The Reynolds number, \(Re\), is used to determine the flow regime.

\[Re = \frac{\rho UD}{\mu} = \frac{UD}{\nu}\]

where \(U\) = freestream velocity
\(\rho\) = fluid density
\(\mu\) = fluid dynamic viscosity
\(\nu\) = fluid kinematic viscosity
\(D\) = pipe diameter

The governing equation for pipe flow:

\[\frac{P_1}{\gamma} + \alpha _1 \frac{V^2 _1}{2g} + z_1 + h_P = \frac{P_2}{\gamma} + \alpha _2 \frac{V^2 _2}{2g} +z_2 +h_T + h_L\]
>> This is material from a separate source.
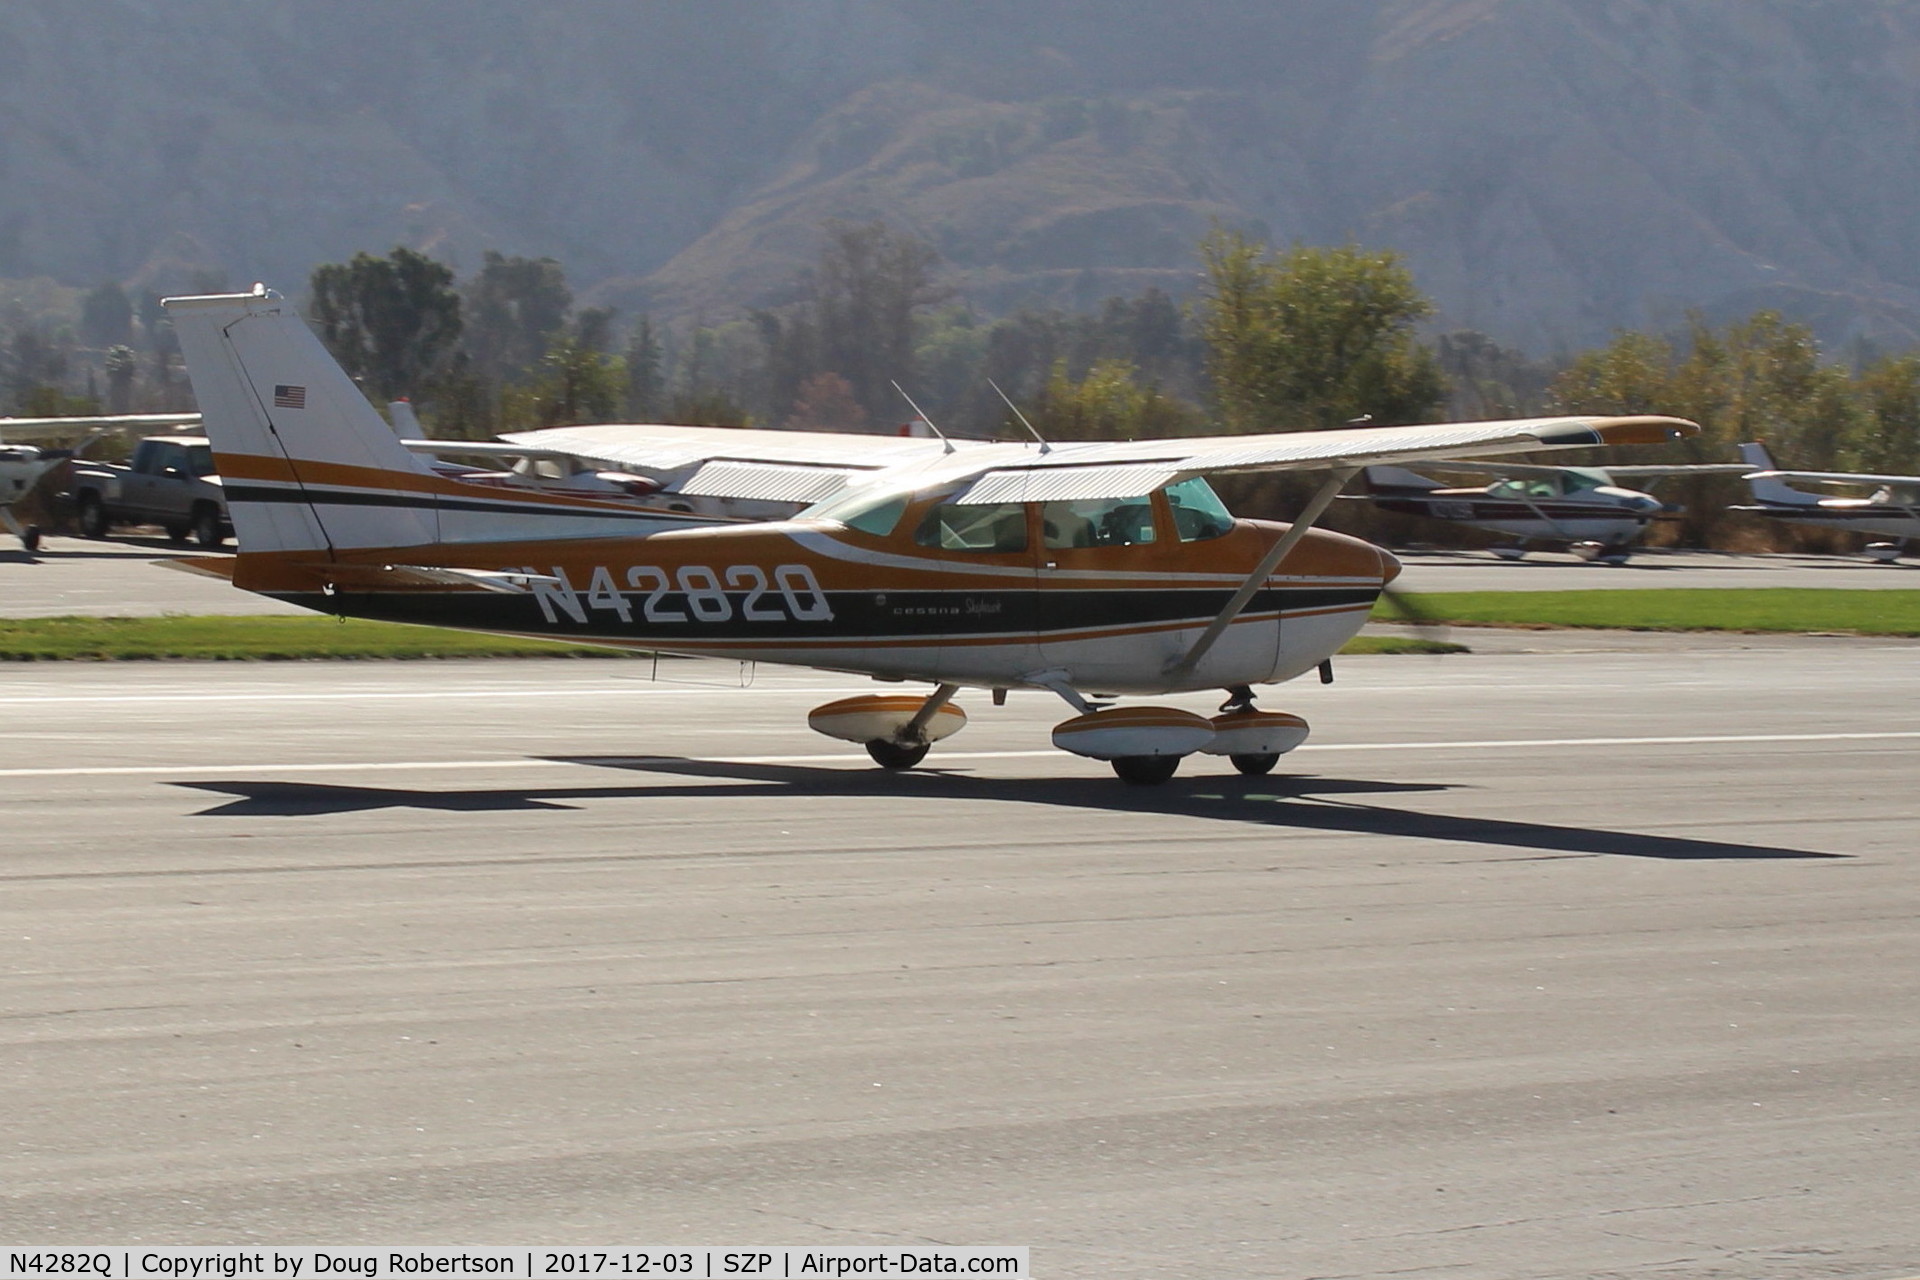 N4282Q, 1971 Cessna 172L C/N 17260182, 1971 Cessna 172L SKYHAWK, Lycoming O-320-E2D 150 Hp, taxi off the active

\[h_L = f\frac{L}{D} \frac{V^2}{2g}\]

where \(\gamma\) = specific weight of the fluid
\(P\) = pressure at each point in the pipe
\(V\) = velocity at each point in the pipe
\(g\) = gravitational constant
\(z\) = height at each point in the pipe, referenced to the same point at \(z = 0\)
\(\alpha\) = kinematic energy parameter
\(h_L\) = head loss
\(f\) = frictional factor, which can be determined using the Moody chart
\(L\) = length of the pipe

Although \(h_P\) is the energy of the pump, and \(h_T\) is the energy of the turbine, they are usually not included in the basic energy equation, but they must be used when pumps and/or turbines are part of the system.